Saturday, February 7, 2015

Risk On Rotation

We had no changes to our Large Cap Portfolio this week. For an exercise, see if you can notice the broad market change by examining our current holdings' behavior this week:

Offensive Groups (Consumer, Materials, Industrials) 

DIS

SBUX

TWX

IP

PPG

BA

HON


Defensive Groups (Utilities, Bonds, Healthcare)

PCG

TLT

UNH

BMY

Can you identify what happened this week? It appears clear to me that the defensive groups experienced relative weakness and pullbacks, while the offensive groups acted strongly.

I also notice how the offensive groups are either just emerging from or are in the later stages of consolidation bases. Contrast that with the defensive names that are well extended from any previous support bases.

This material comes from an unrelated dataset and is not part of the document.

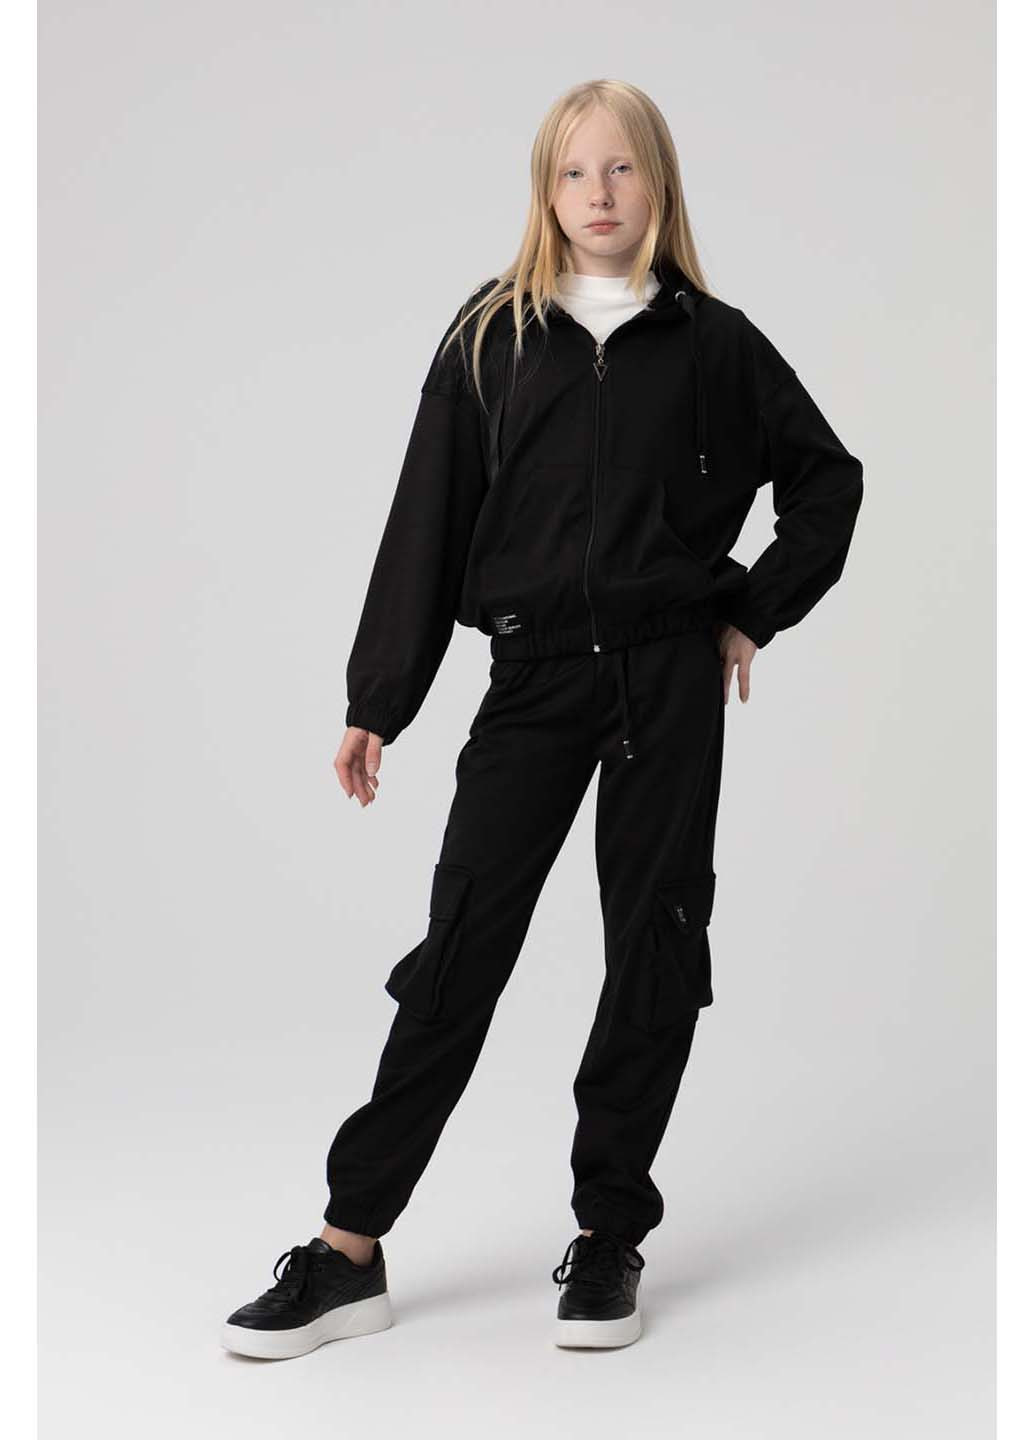 Черный демисезонный костюмы для девочки кофта, брюки Viollen

We could be seeing a rotation underway from the defensive names to the more risky and economically sensitive names. Continued rotation has been the story of this bull market and this could be the next chapter.

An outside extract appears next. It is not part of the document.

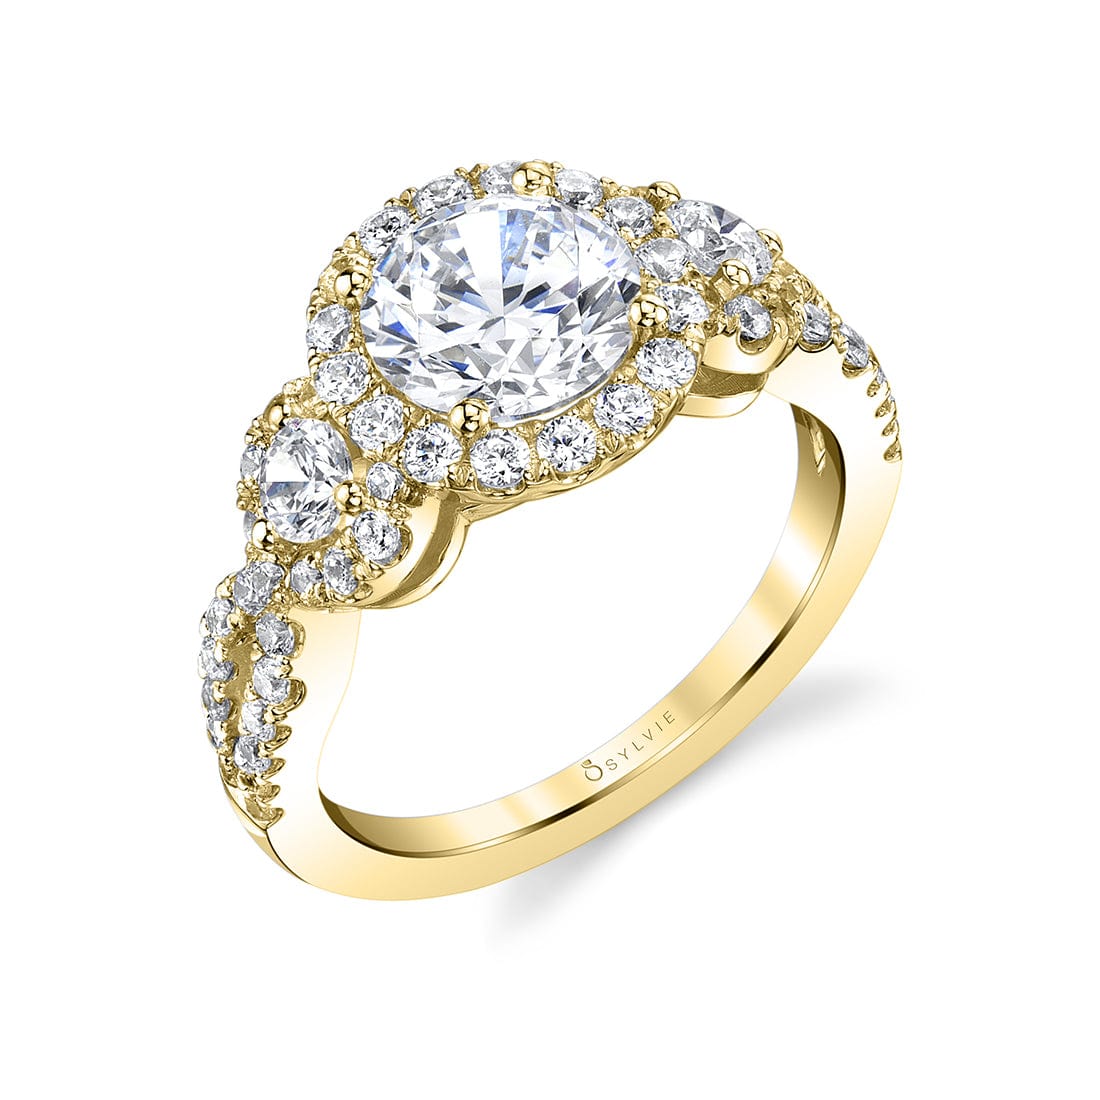 Platinum Vintage Inspired 3 Stone Diamond Halo Engagement Ring Setting

The defining characteristic of this week's market was the selling of interest rate sensitive and defensive investments . Friday's positive Jobs Report paved the way for a movement away from safety assets and back toward more economically sensitive groups.

 The leaders of the past couple years took a beating this week lead by Utilities, Treasury Bonds and Health Care. While Consumer stocks are looking quite strong and could provide fuel for another wave to this bull market. 

Speaking of fuel, Energy saw a strong bounce as oil's relentless skid got some relief this week. But don't make anything more of it than what it is. The oil bounce was simply a pause in a severely downtrending market. Many are trying to call a bottom here (as they have been for a couple months now) but that is a sucker's game where you will just end up throwing money down a hole. You don't have to be the first one in to make money. The much higher probability is just to remain patient and wait for a new uptrend to begin to establish itself. One week's reprieve doesn't change a multi month crash. Just be patient.


The move that was most notable to me this week was the Utility sector pulling back after last week's reversal candle. It is still a short term signal, so no long term action is necessary. It appears the group is seeing some overdue profit taking. When a stock or sector has been trending as strongly as Utilities have, you will see exaggerated selling as those looking for a quick trade don't want lose their profits. But those with the intention of trading the long term trend must be willing to give back modest initial gains to stick with the secular bull market in the making.

Always try to keep one week's action in perspective. Here are the Monthly charts of two Utility stocks I own:



 While this week's action was heavy, the longer-term view is very bullish. In both cases these stocks are emerging from massive base consolidations (PCG 15 years, AEP 20 years) where the stock price went essentially nowhere for more than a decade. By my indications this group is still looking to move significantly higher over time and is one of the most positive looking Sectors for multi-year strength.

I posted about a year ago that Utilities had bases breaking out all over the place. We can see that this group is just getting started:





You can basically throw a dart at any name in this group and find a stock breaking to multi-year highs after multiple years, sometimes decades of base building. As they say "the bigger the base, the higher the move in space". Hard to beat bases like the Utilities have formed over the years.